As part of our regular labour market surveillance, the ABC collates job advertisements from various sources, including the Jobs Bank, online jobs portals, as well as print media such as the Straits Times and The New Paper.
Your task is to:
The Singapore Standard Industrial Classification (SSIC) and Singapore Standard Occupational Classification (SSOC) can be found on the website of the Department of Statistics.
Topic Modelling is a method used for unsupervised classification of documents, such as blog posts or news articles, that we would like to divide into natural groups so that we can understand them separately.
Here, we utilise Latent Dirichlet Allocation (LDA) which is a common method for fitting a topic model. It treats each document as a mixture of topics, and each topic as a mixture of words.
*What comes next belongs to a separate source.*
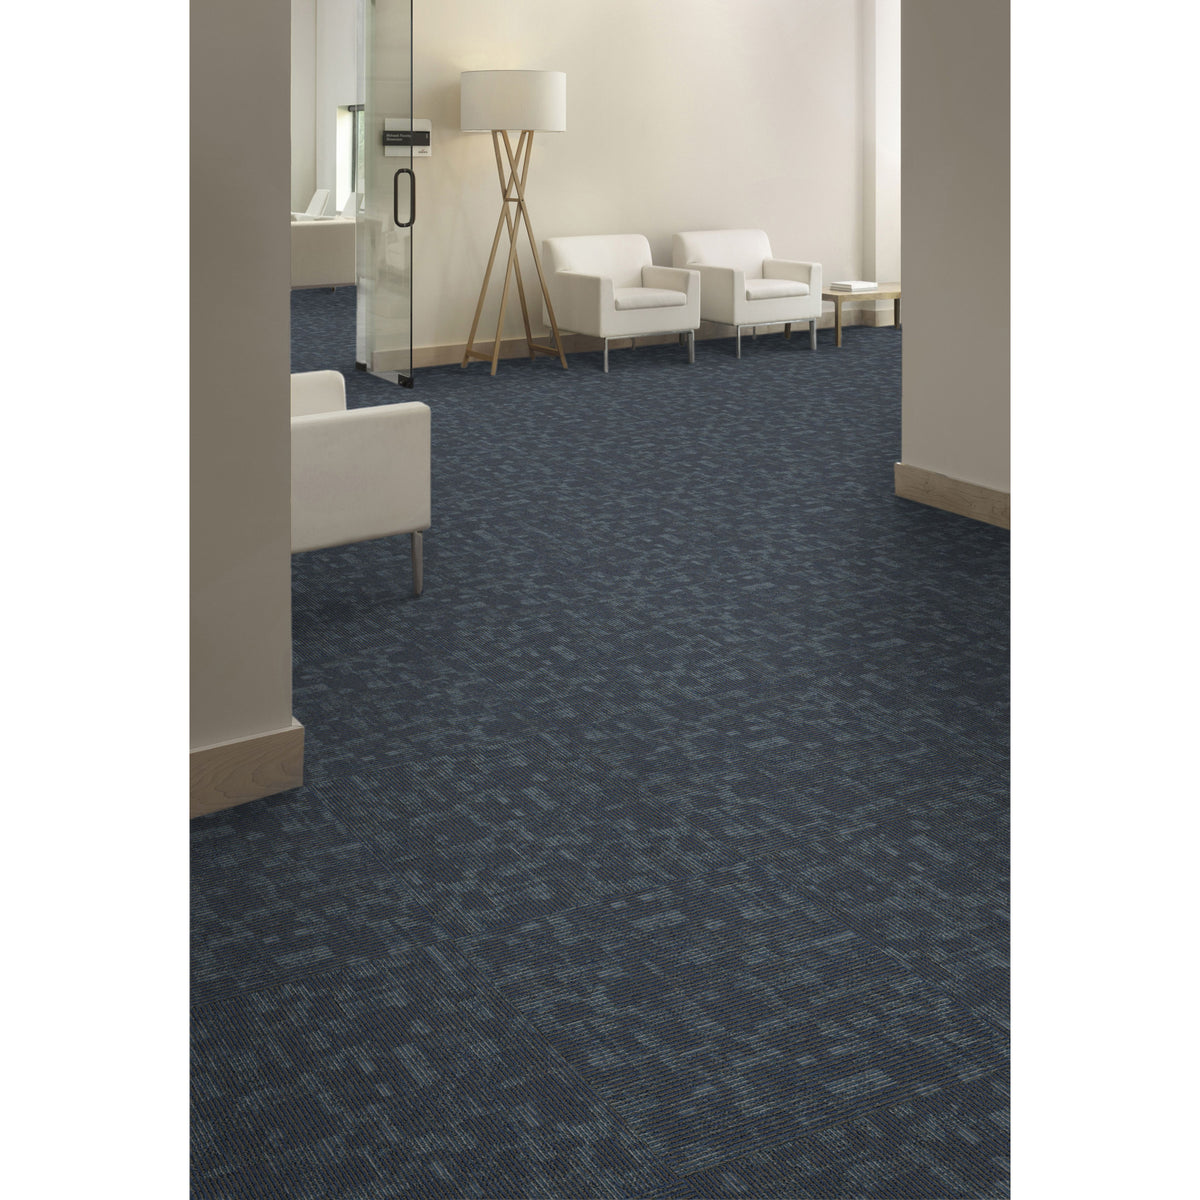 Aladdin Commercial - Cognitive Plank - Cool Calm - Carpet Tile - Perception - Room Scene

This allows documents to overlap one another in terms of content, in a way that mirrors the typical use of natural language.
# Loading Libraries
library(readxl)
## Warning: package 'readxl' was built under R version 3.6.3
library(tm)
## Loading required package: NLP
library(dplyr)
## Warning: package 'dplyr' was built under R version 3.6.3
##
## Attaching package: 'dplyr'
## The following objects are masked from 'package:stats':
##
## filter, lag
## The following objects are masked from 'package:base':
##
## intersect, setdiff, setequal, union
library(topicmodels)
## Warning: package 'topicmodels' was built under R version 3.6.3
library(tidytext)
library(ggplot2)
##
## Attaching package: 'ggplot2'
## The following object is masked from 'package:NLP':
##
## annotate
library(tidyr)
# Loading Data
SJT_1214 <- read_excel("./SGP_JobText_Dec-2014_Report.xlsx")
SJT_0615 <- read_excel("./SGP_JobText_Jun-2015_Report.xlsx")
SJT_1215 <- read_excel("./SGP_JobText_Dec-2015_Report.xlsx")
Data_Combined <- c(SJT_1214, SJT_0615, SJT_1215)
Data_Combined_Corpus <- VCorpus(VectorSource(Data_Combined))
# Cleaning Data
clean_data <- function(clean_corpus){
clean_corpus <- tm_map(clean_corpus, function(x) iconv(x, "latin1", "ASCII", sub = " "))
clean_corpus <- tm_map(clean_corpus, PlainTextDocument)
toSpace <- content_transformer(function(x, pattern) gsub(pattern, " ", x))
clean_corpus <- tm_map(clean_corpus, toSpace, "\\\\")
clean_corpus <- tm_map(clean_corpus, content_transformer(tolower))
clean_corpus <- tm_map(clean_corpus, removeWords, stopwords("english"))
clean_corpus <- tm_map(clean_corpus, removeNumbers)
clean_corpus <- tm_map(clean_corpus, removePunctuation)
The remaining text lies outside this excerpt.